Before anyone misunderstands and leaps on this, note that Bill Oliver
was surely talking about the situation *after* the patient has elected
to participate in the study.  In any clinical study (with human subjects),
the choice of whether or not to participate has to be offered first.  The
strictures against self-choice apply to assigning those who have already
elected to participate into the various study groups.
-- 

            -- Mitch Marks @ UChicago 
               ...ihnp4!gargoyle!sphinx!mmar

desjardins@h-sc1.UUCP (marie desjardins) (07/24/85)

> 
> Well, maybe I should have made my point clearer.  It is my impression
> that most people have opinions on things, so I would assume that most
> doctors have an opinion on what they *think* is the best treatment for
> a particular disease for a particular person.  

I don't think this is necessarily true.  There are almost certainly
tradeoffs to every treatment, and in this case, the treatments are
still at least somewhat in the experimental phase (or they wouldn't
be running experiments using them!), so some of the tradeoffs are
unknown.  What's the best computer language?  Perhaps for a particular
application, a LISP program would be the most natural, but would be
twice as slow as a C program to do the same thing.  Things are never
black in white.  In medicine I would think this is at least, if not
more, true than in most other areas of life.  What's your favorite
brand of hot dogs?  (Me, I just buy the cheapest one, and if two are
the same price, I choose randomly.)

	marie desjardins park

sck@elsie.UUCP (Steve Kaufman) (07/24/85)
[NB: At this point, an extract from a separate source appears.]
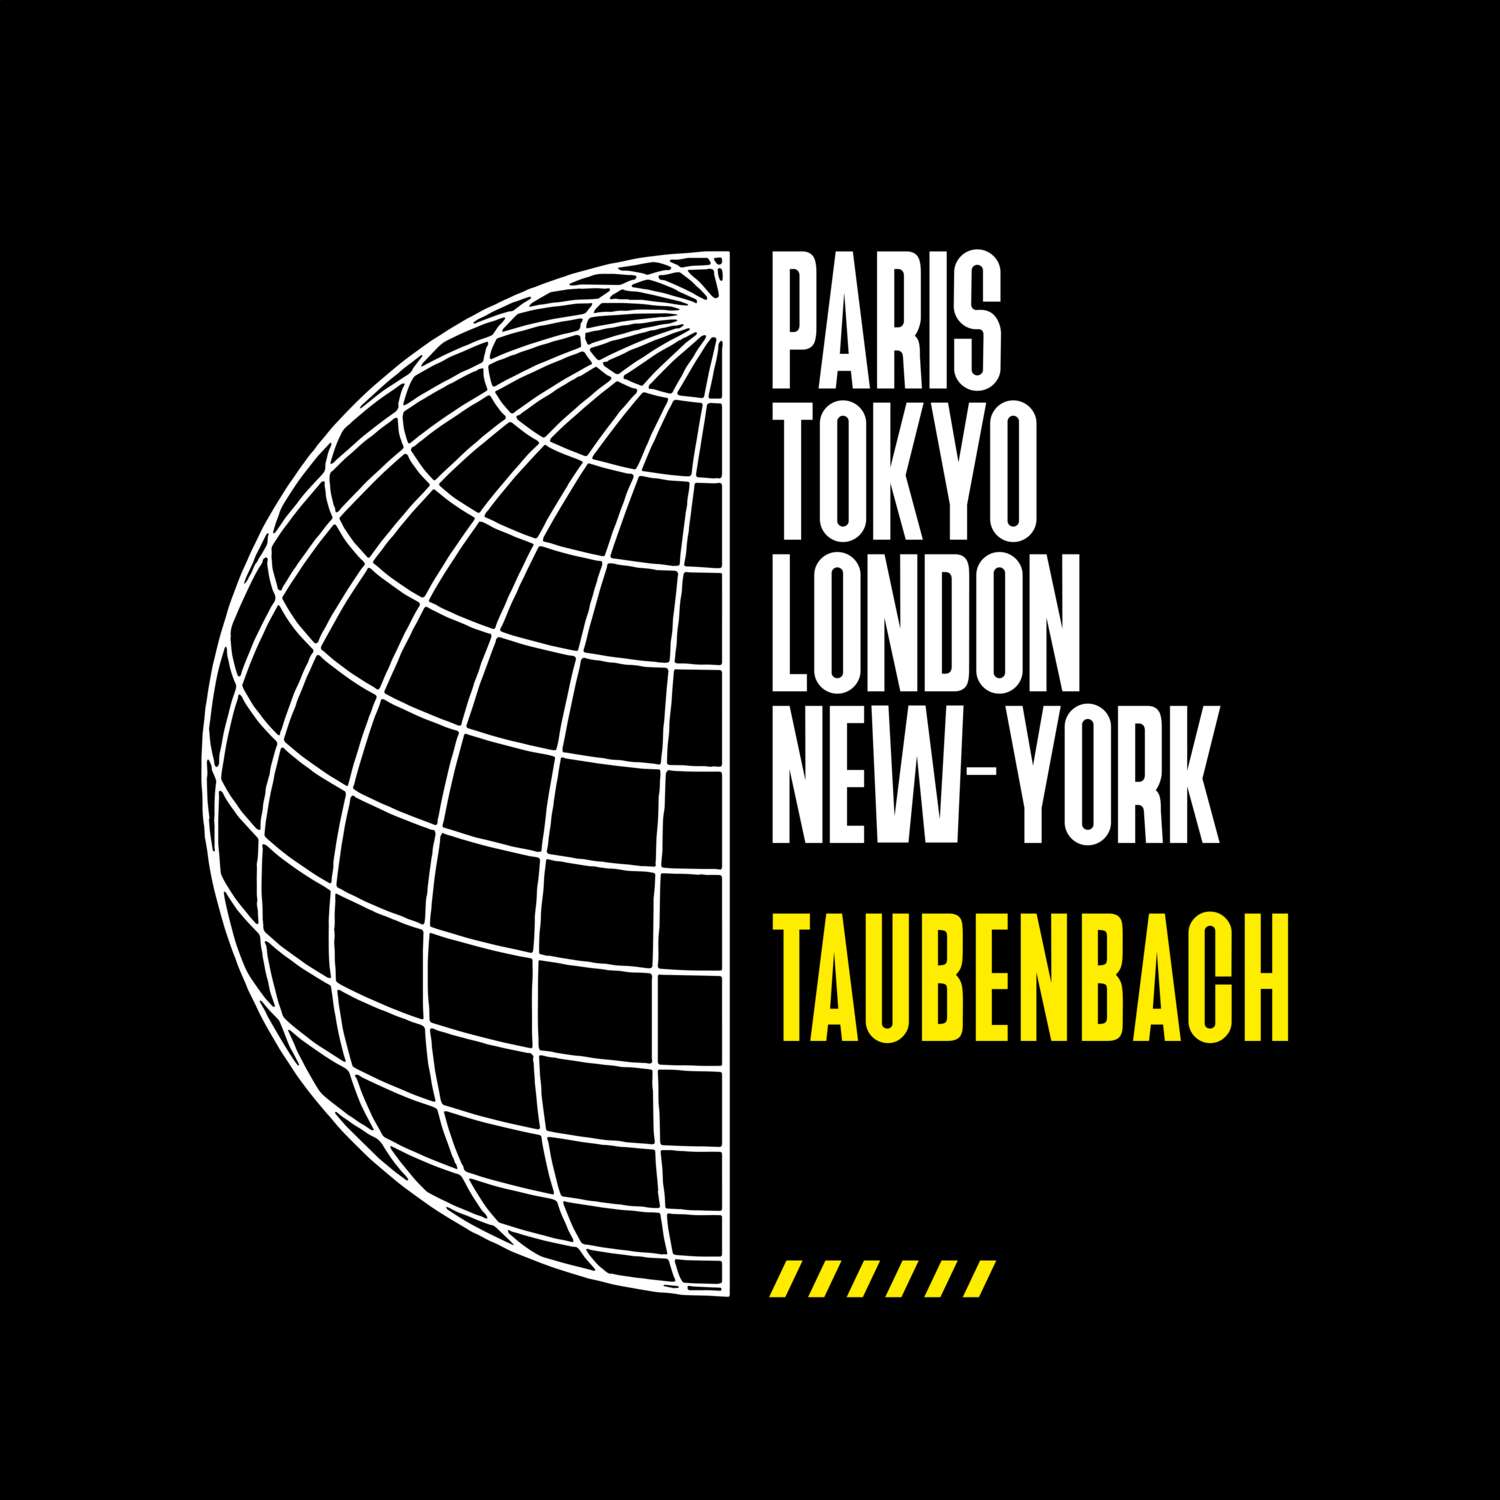 Taubenbach T-Shirt »Paris Tokyo London«
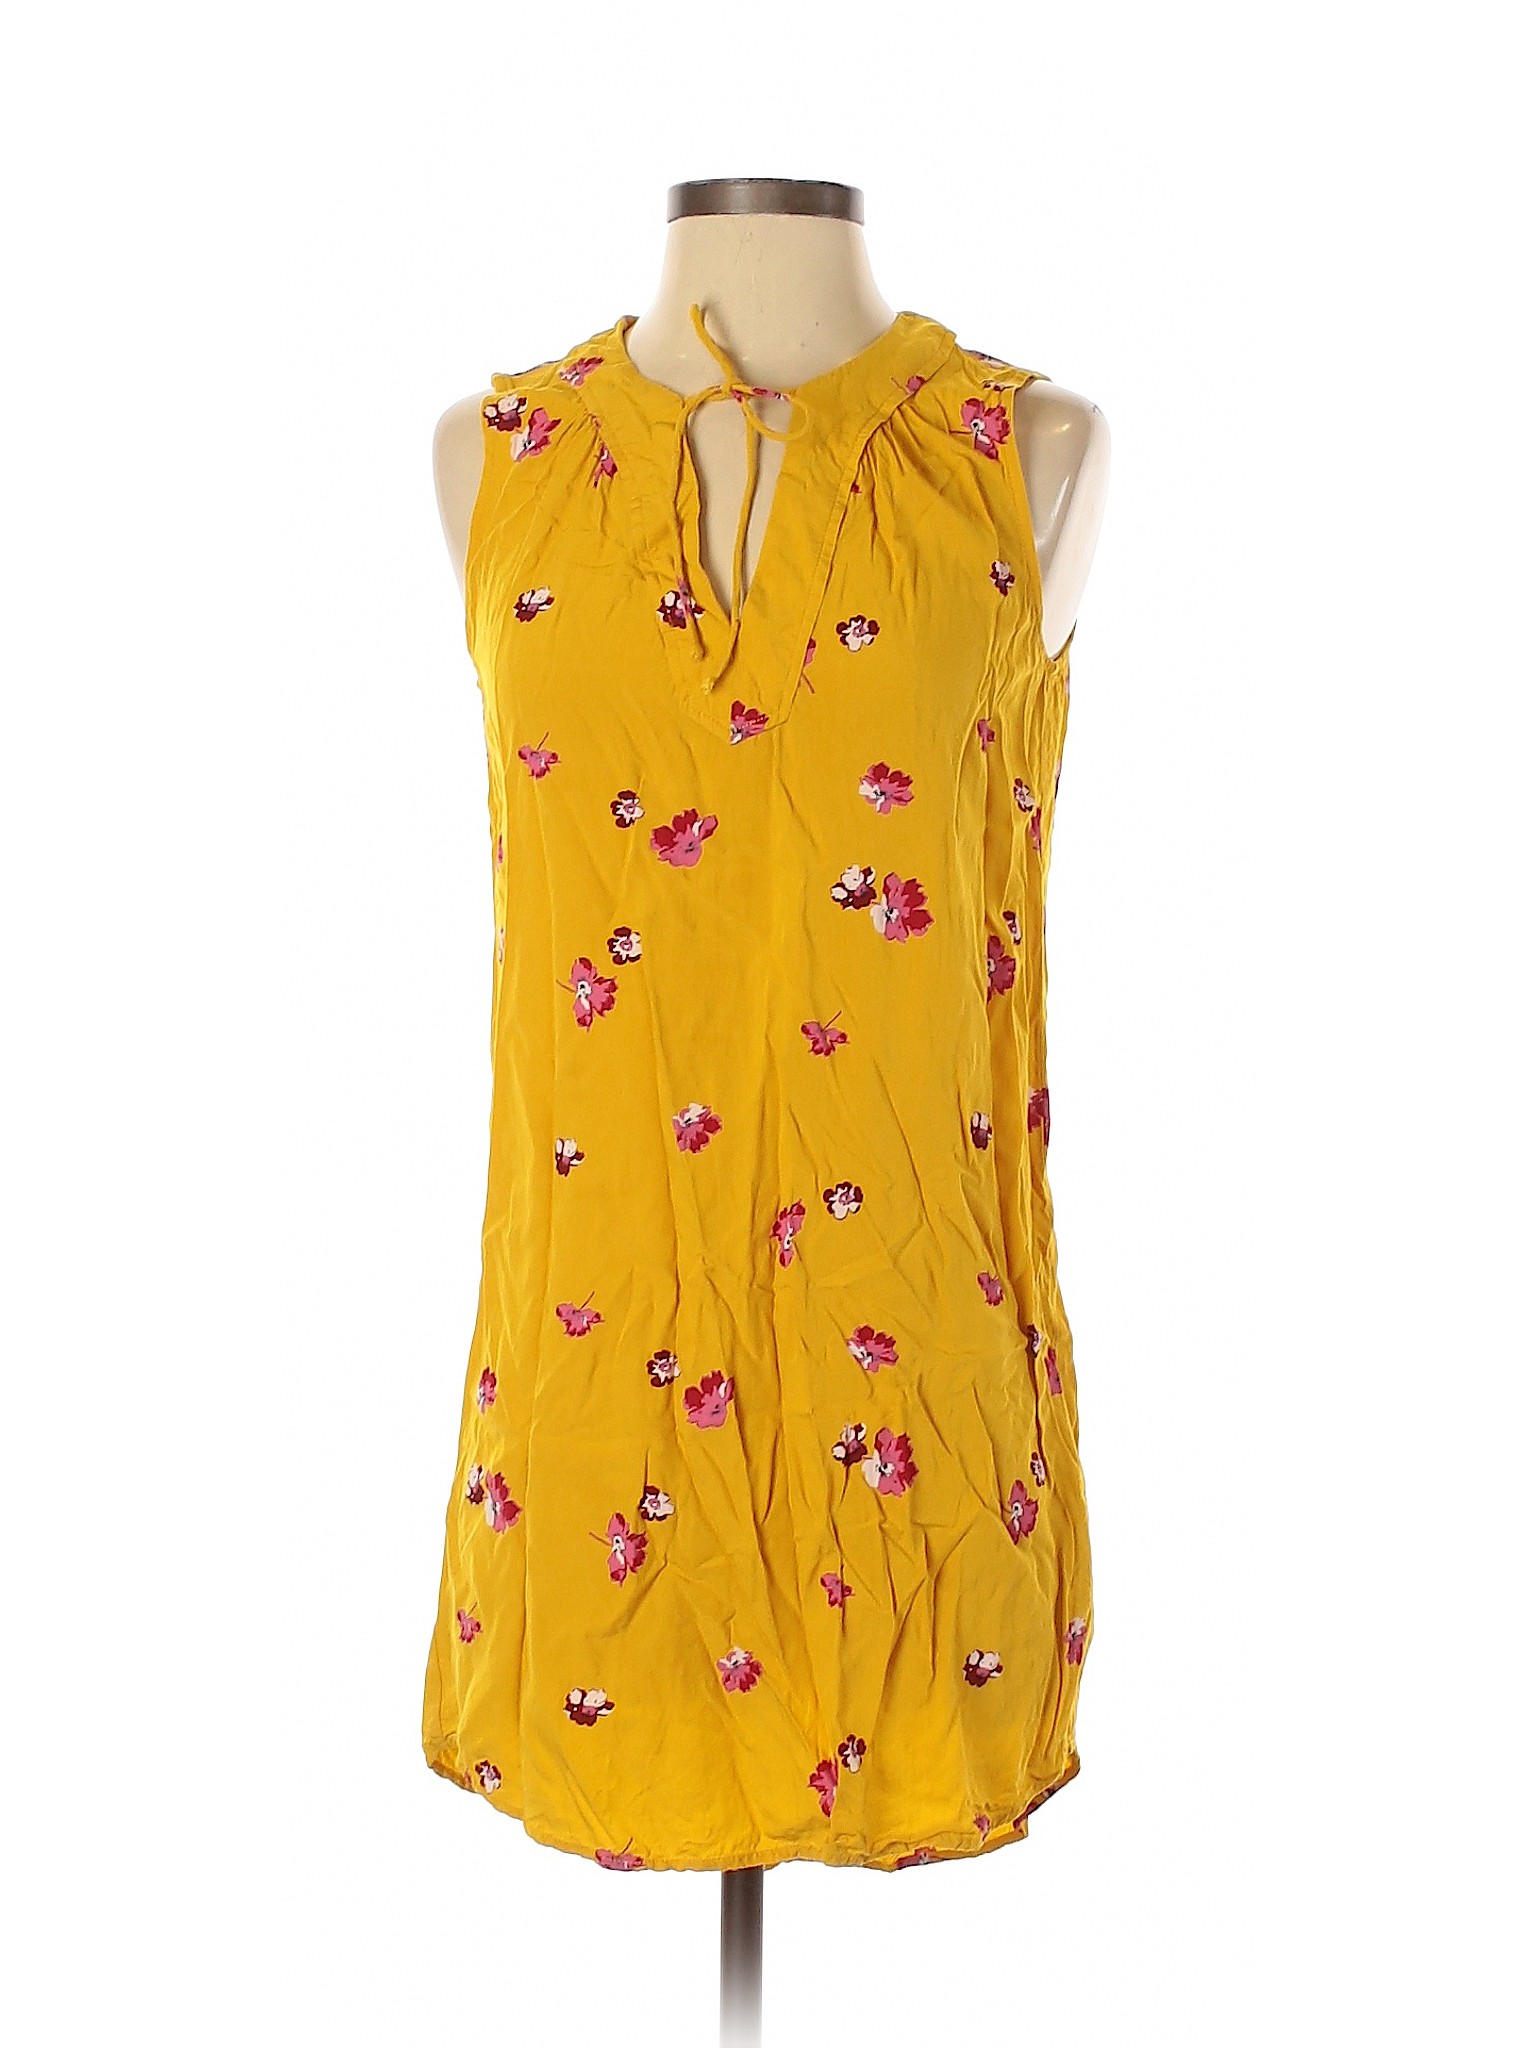 Old Navy Women Yellow Casual Dress XS | eBay

In article <1400@mnetor.UUCP>, sophie@mnetor.UUCP (Sophie Quigley) writes:
> ... most people have opinions on things, so I would assume that most
> doctors have an opinion on what they *think* is the best treatment for
> a particular disease for a particular person.
>  ...   So, doctors who
> encourage their patients to participate in such a study know that since
> treatments are assigned randomly, there is a chance that their patients
> will not be given as good a care as they might have given them had they
> done what they thought was best.  
> 
	With apologies to those who caught this the first time around,
	I think it's appropriate to re-post what I
	submitted 2 months ago on this subject
        (a quote from a recent book on clinical trials):

	"Presumably, the reason that a clinical trial is
	being considered at all is that there is uncertainty
        about the potential benefits of a new intervention.

	If an investigator believes --for whatever reason--
	that the new intervention is more beneficial or harmful than the old,
	he should not participate in the trial.

	If, on the other hand, he has sufficient doubt
        about which intervention is better,
        then he is ethically justified in participating in a
	randomized clinical trial to settle the question.
        ... under these circumstances, randomization is a more ethical way
	of practicing medicine than the routine prescribing of medication
	or therapy that has never been proven to be beneficial ...
	and could possibly be harmful." (pp. 31-2)

	"Of course, some results, such as the effectiveness of penicillin
	in pneumococcal pneumonia, are so highly dramatic than no comparison
	group is needed.  Successful results of this magnitude,
	however, are rare."   (p. 29)

		----excerpted from _Fundamentals_of_Clinical_Trials_
		by L. M. Friedman, C. D. Furberg, & D. L. DeMets
		(Wright, PSG, Inc: 1982  [I understand there's a 1985
		edition out now but haven't seen it yet])

seshadri@t12tst.UUCP (Raghavan Seshadri) (07/25/85)

> From: cat@tommif.UUCP (Catherine Mikkelsen)
> 
> There was an interesting article titled *Breast Cancer Hoax* in _Mother
> Jones Magazine_ (May issue).  The article was written by Grace Paley and
> discussed at some great length the, ahem, interesting treatment trends for
> breast cancer.

O K ,now you have piqued my curiosity.Can you mention some of these interesting
things ?
 
-- 
Raghu Seshadri

jeff@rtech.UUCP (Jeff Lichtman) (07/25/85)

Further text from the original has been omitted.